Work to be completed | Find the line containing "Noiseweek #36 Saison 4" in the records below. Copy exactly that line and each one after it, ending at the line containing "Persona 5 STRIKERS - Gallery Screenshot 5", and nothing more.

----- Excerpted data -----

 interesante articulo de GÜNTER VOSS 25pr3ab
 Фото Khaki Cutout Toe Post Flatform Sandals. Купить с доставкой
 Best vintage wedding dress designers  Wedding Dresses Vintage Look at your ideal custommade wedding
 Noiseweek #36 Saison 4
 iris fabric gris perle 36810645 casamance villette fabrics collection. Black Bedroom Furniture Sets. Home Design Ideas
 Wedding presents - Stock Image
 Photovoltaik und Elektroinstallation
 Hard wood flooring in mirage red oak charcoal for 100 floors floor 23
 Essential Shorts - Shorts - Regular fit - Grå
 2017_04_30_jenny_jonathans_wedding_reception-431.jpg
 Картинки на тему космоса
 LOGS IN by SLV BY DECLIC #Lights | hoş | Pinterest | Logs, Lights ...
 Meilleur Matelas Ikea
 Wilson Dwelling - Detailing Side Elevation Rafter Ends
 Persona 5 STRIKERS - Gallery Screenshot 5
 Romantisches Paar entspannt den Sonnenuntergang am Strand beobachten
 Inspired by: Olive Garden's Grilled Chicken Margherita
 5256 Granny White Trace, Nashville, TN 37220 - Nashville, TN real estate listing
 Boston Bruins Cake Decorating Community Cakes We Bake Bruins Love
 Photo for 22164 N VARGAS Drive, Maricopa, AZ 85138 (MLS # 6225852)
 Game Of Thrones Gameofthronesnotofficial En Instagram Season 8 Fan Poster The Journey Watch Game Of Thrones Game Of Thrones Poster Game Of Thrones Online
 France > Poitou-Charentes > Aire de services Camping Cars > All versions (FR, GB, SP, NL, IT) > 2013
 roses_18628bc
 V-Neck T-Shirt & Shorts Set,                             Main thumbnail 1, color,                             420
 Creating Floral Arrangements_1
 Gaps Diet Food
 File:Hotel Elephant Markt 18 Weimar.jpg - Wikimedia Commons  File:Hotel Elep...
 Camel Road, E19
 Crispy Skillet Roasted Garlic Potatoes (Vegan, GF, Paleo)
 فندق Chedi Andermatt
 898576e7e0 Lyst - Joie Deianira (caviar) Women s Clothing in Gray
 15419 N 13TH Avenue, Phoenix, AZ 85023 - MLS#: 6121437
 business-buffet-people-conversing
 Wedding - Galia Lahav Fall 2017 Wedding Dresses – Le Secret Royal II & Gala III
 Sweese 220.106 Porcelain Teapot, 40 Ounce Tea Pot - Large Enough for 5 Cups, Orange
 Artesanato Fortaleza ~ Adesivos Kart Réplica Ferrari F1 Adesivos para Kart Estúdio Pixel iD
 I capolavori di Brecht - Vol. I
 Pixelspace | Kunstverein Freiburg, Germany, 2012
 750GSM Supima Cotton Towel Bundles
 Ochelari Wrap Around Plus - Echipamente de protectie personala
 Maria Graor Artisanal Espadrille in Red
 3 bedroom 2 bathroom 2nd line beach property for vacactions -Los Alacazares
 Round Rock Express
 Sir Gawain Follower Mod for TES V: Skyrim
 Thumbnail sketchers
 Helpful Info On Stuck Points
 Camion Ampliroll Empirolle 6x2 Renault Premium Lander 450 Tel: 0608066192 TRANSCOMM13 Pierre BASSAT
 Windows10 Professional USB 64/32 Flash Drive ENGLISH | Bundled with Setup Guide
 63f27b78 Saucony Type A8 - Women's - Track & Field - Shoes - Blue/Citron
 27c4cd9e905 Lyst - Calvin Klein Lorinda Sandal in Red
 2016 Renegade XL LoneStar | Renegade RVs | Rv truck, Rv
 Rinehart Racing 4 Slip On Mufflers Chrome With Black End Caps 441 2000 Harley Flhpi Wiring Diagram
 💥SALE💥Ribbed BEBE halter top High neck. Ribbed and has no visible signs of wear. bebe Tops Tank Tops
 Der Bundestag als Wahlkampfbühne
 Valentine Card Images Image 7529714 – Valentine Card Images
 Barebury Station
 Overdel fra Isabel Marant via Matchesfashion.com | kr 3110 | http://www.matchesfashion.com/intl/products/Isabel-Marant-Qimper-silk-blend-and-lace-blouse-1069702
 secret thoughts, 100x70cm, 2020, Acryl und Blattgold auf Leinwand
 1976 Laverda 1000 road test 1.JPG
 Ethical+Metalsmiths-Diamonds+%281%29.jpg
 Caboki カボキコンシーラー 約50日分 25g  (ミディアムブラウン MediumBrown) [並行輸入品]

-----

Solution to the exercise |
 Noiseweek #36 Saison 4
 iris fabric gris perle 36810645 casamance villette fabrics collection. Black Bedroom Furniture Sets. Home Design Ideas
 Wedding presents - Stock Image
 Photovoltaik und Elektroinstallation
 Hard wood flooring in mirage red oak charcoal for 100 floors floor 23
 Essential Shorts - Shorts - Regular fit - Grå
 2017_04_30_jenny_jonathans_wedding_reception-431.jpg
 Картинки на тему космоса
 LOGS IN by SLV BY DECLIC #Lights | hoş | Pinterest | Logs, Lights ...
 Meilleur Matelas Ikea
 Wilson Dwelling - Detailing Side Elevation Rafter Ends
 Persona 5 STRIKERS - Gallery Screenshot 5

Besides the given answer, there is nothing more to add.